Generally, living organisms can be classified into three groups according to their temperature preferences: psychrophilic organisms (psychrophiles), mesophilic organisms (mesophiles), and thermophilic organisms (thermophiles) (Fig. 5.1). Most higher plants are classified as mesophilic organisms preferring temperatures between 10 and 30 °C (Źróbek-Sokolnik 2012). Although optimal plant growth can occur in a certain temperature range, mesophilic plants encounter a wide range of temperature fluctuations. As temperature deviates from the optimal level, cellular and molecular changes occur within the plant in order to maintain growth and cellular homeostasis. Despite the ability to adjust to temperature fluctuation, prolonged plant exposure to temperature above the threshold level may cause irreversible damage to plant growth and productivity, which is defined as heat stress (Willits and Peet 1998). According to the scientific standards, temperatures higher than the optimal level of 10–15 °C are denoted as heat stress (Larkindale et al. 2007). Heat stress has varying effects on plants due to intensity, duration, and the rate of temperature change. The duration of the plant exposure to high temperature is the main determinant of the lethal temperature range (Fig. 5.1) (Sung et al. 2003; Źróbek-Sokolnik 2012).
Plants need to adapt to any abiotic changes by exhibiting appropriate response; this is necessary in order for plants to survive. The ability of plants to grow and remain productive under high temperatures is defined as heat tolerance (Huang and Xu 2008). Plants can be classified into three categories according to their tolerance levels to high temperature: heat sensitive, relatively heat tolerant, and heat tolerant (Fig. 5.1) (Hasanuzzaman et al. 2013; Źróbek-Sokolnik 2012). The form and magnitude of the heat tolerance depends on the plant, tissue, and cell type (Sung et al. 2003).
An increase in ambient temperature could affect crop productivity. In recent decades, human activities have caused an exponential increase in greenhouse gas emission especially carbon dioxide.

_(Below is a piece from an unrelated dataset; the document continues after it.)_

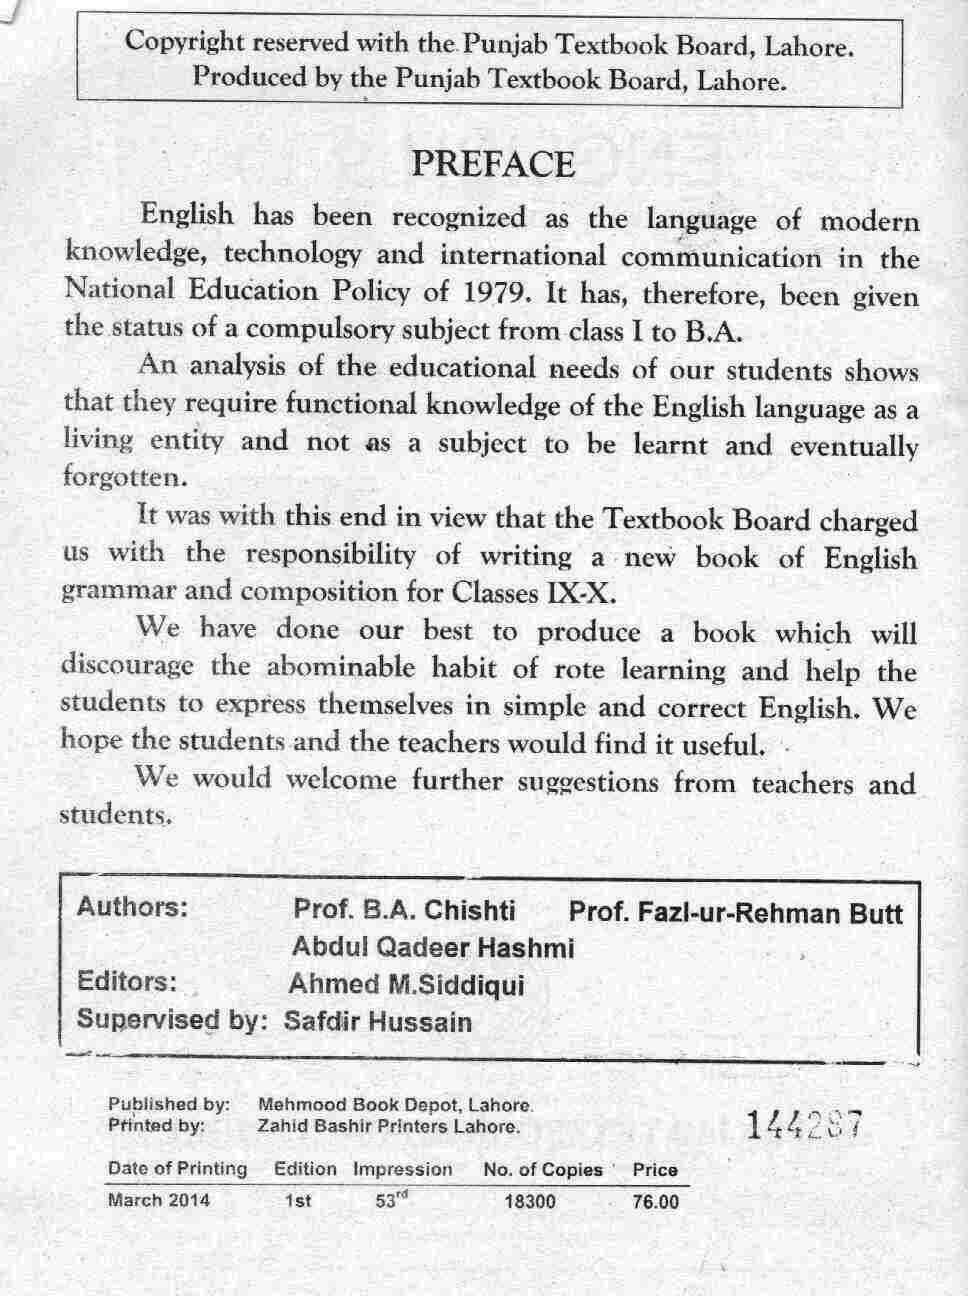 Download 10th Class English Grammar Book Pdf Free - softguru-softhr

It has been reported by the Intergovernmental Panel on Climate Change (IPCC) that the global mean temperature will increase by 0.3 °C per decade (Wheeler and von Braun 2013). This temperature increase may also affect distribution pattern of plant species. There are already losses of billions of dollars in agricultural crops worldwide due to heat stress. In addition, human demand for food is growing along with the world population growth. Any negative environmental effect on crop productivity can directly affect food security (Saidi et al. 2011).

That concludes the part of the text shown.